**THE DATA:**

--------

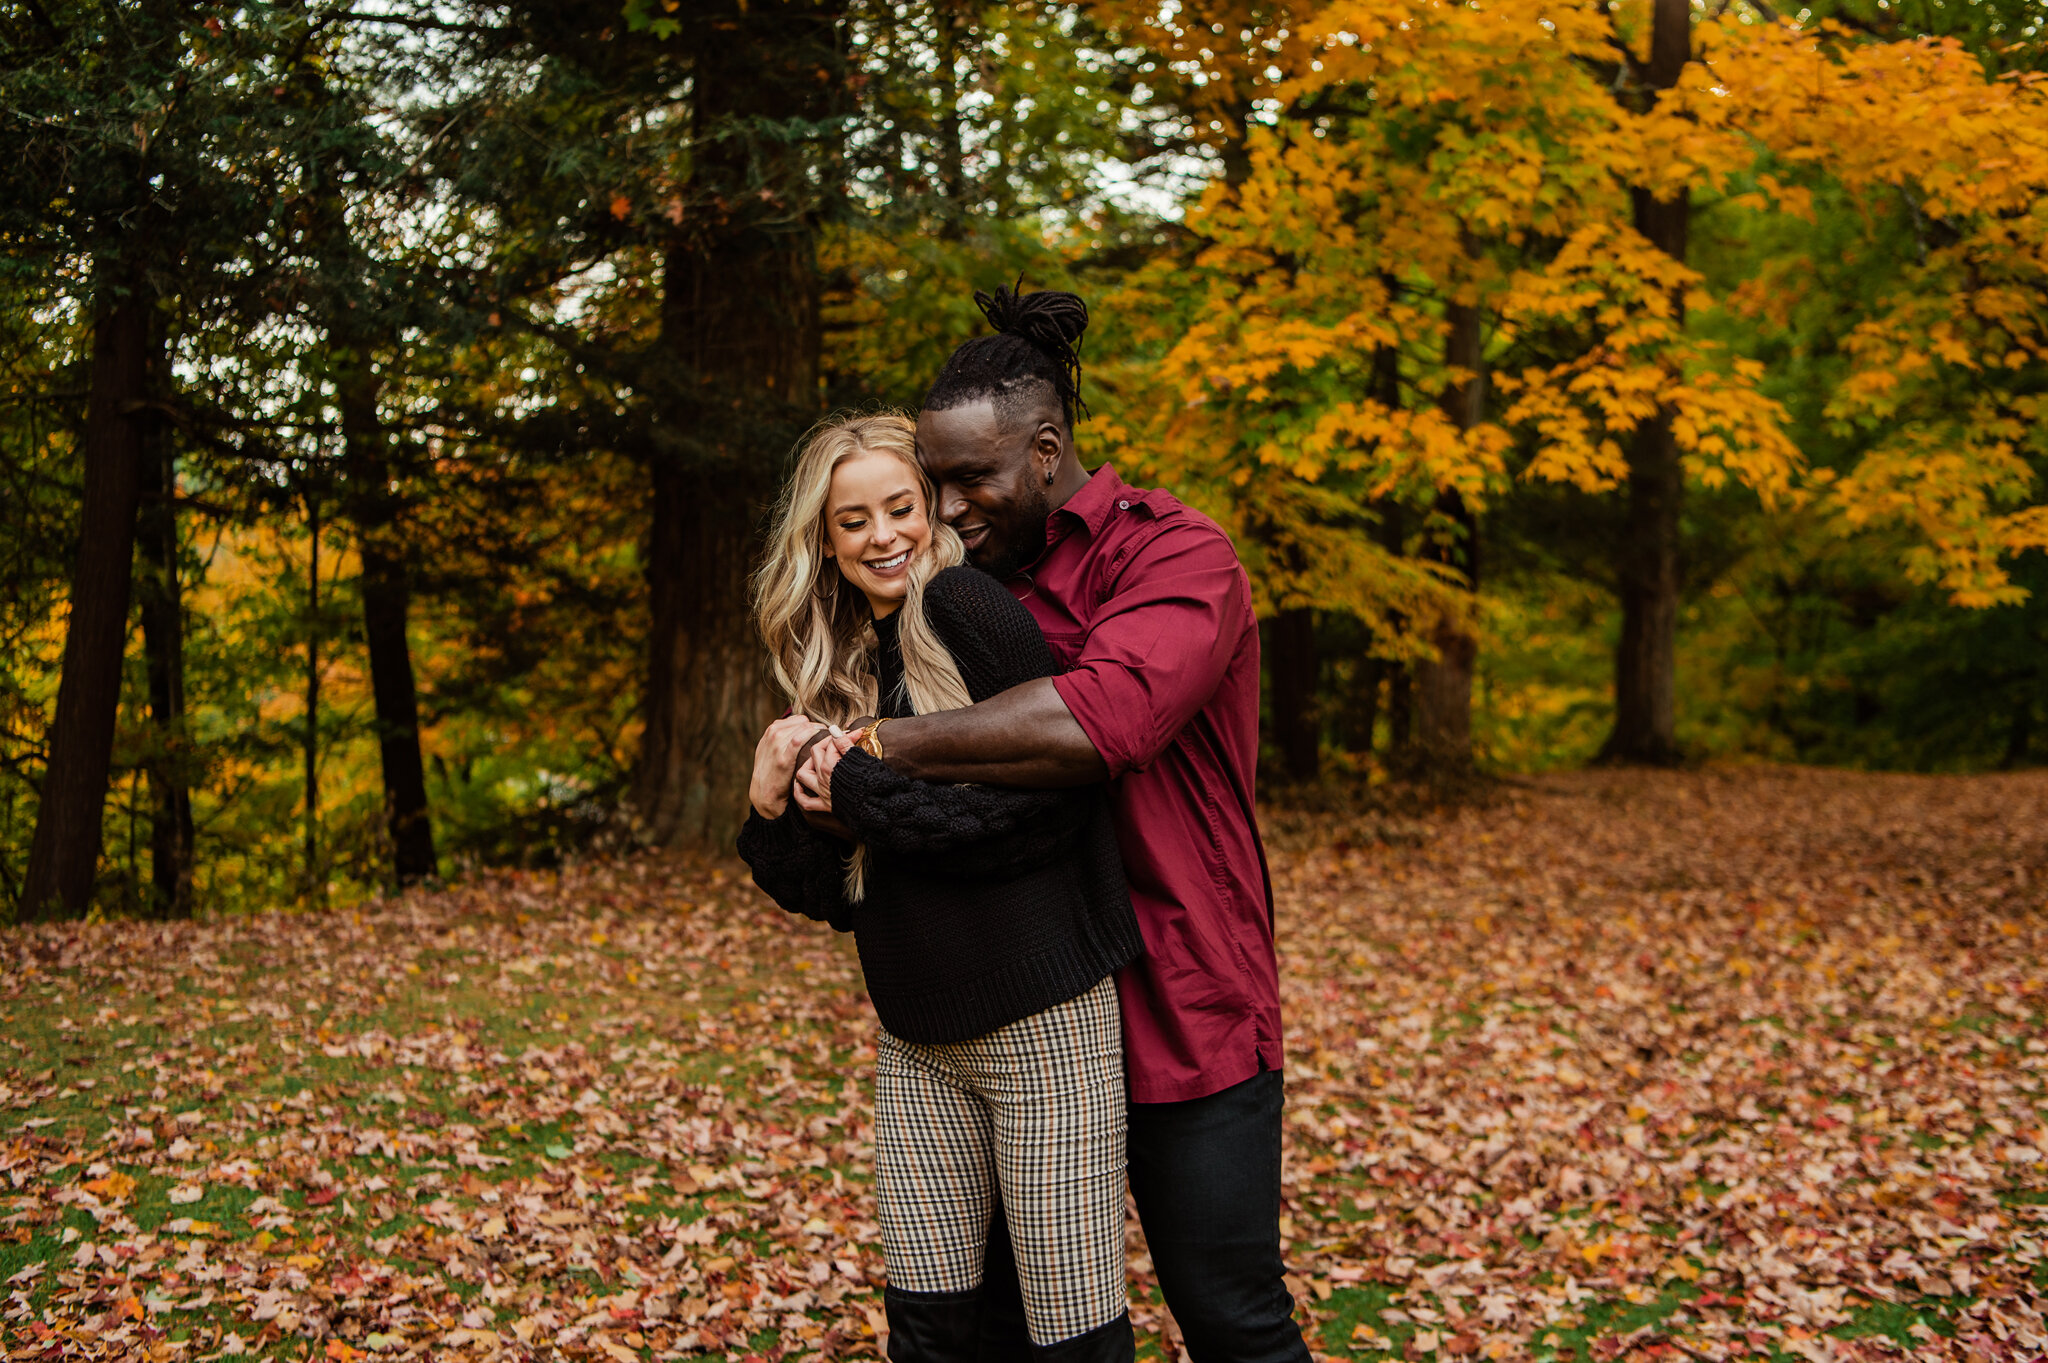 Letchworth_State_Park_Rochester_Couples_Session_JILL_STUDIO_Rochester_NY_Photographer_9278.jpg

--------

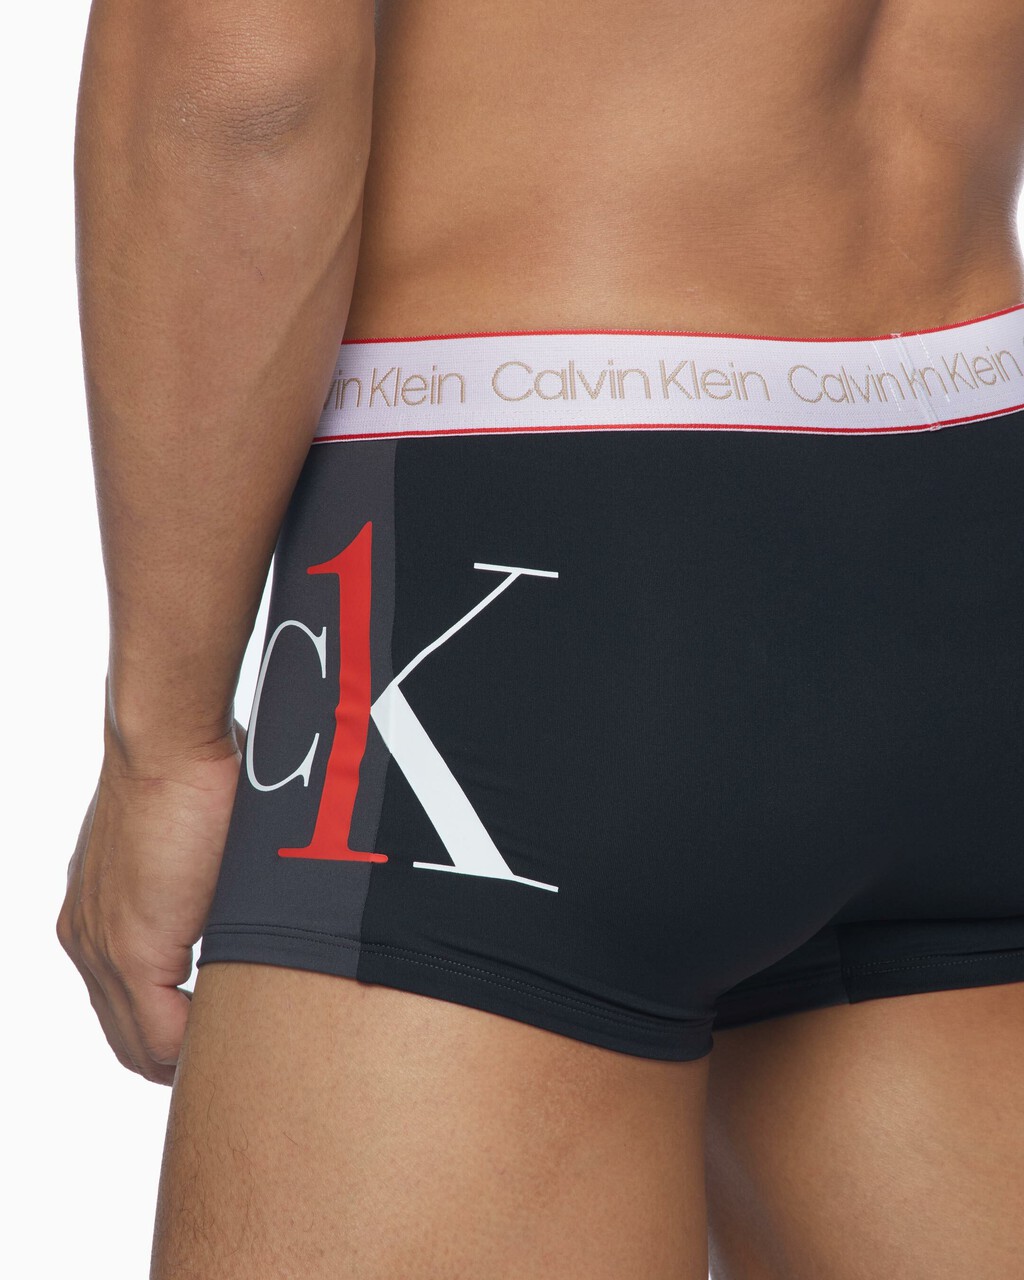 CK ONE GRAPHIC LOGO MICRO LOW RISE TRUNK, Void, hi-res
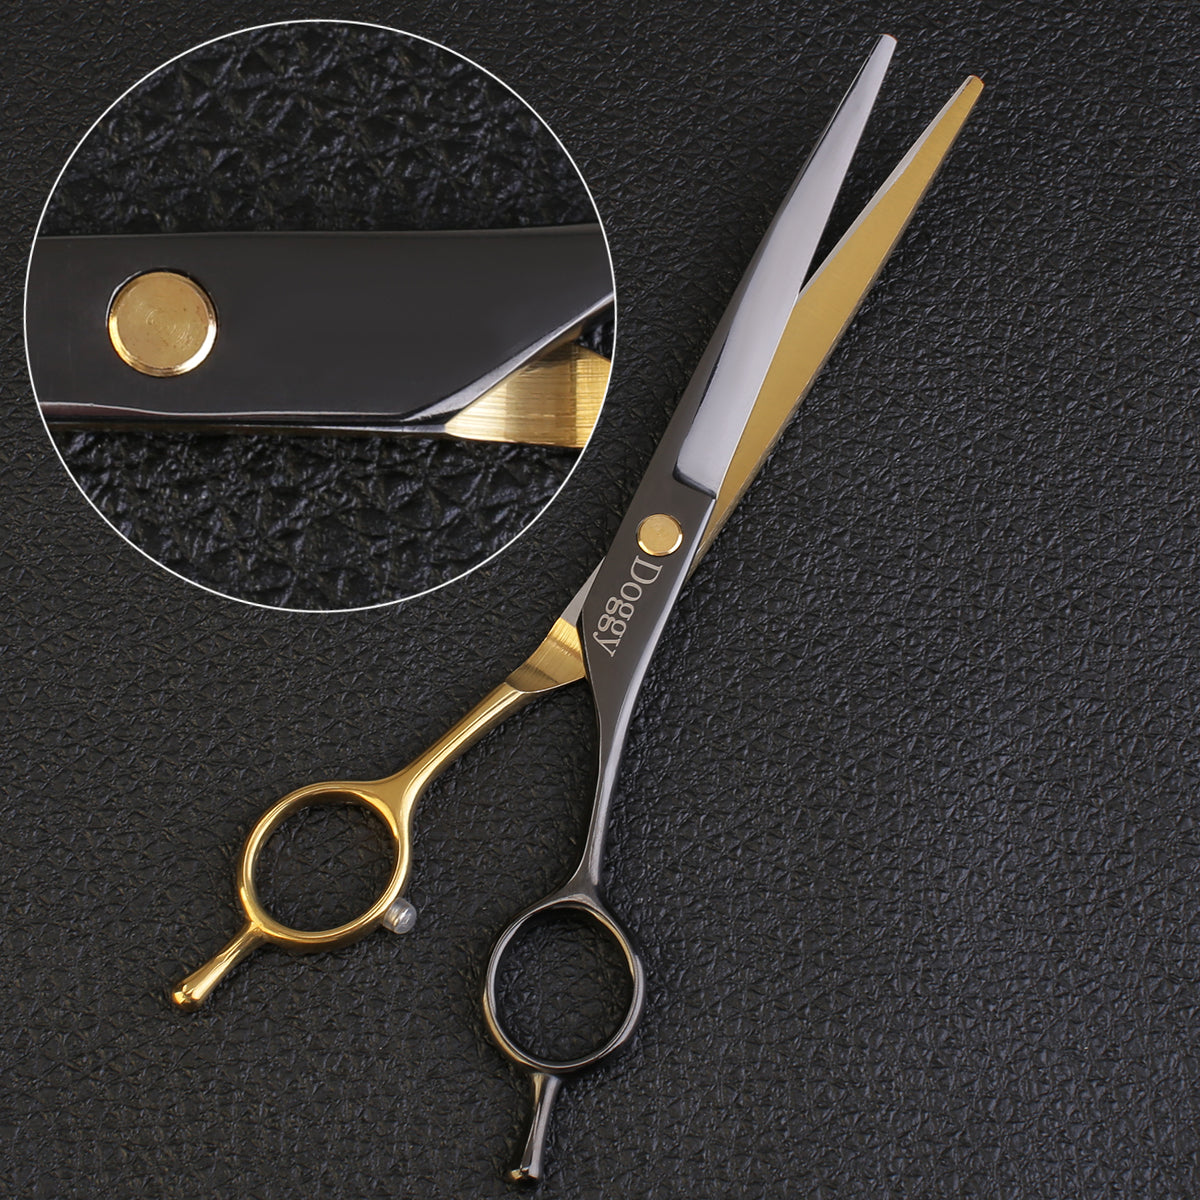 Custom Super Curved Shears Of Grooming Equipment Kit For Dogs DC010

--------

**WHAT IS REQUIRED:**
Exact copy, pictures excluded: every line above from the one containing "CK ONE GRAPHIC" to the one containing "Custom Super Curved", inclusive, and nothing more.

**THE COMPLETED TASK:**
 CK ONE GRAPHIC LOGO MICRO LOW RISE TRUNK, Void, hi-res
 Custom Super Curved Shears Of Grooming Equipment Kit For Dogs DC010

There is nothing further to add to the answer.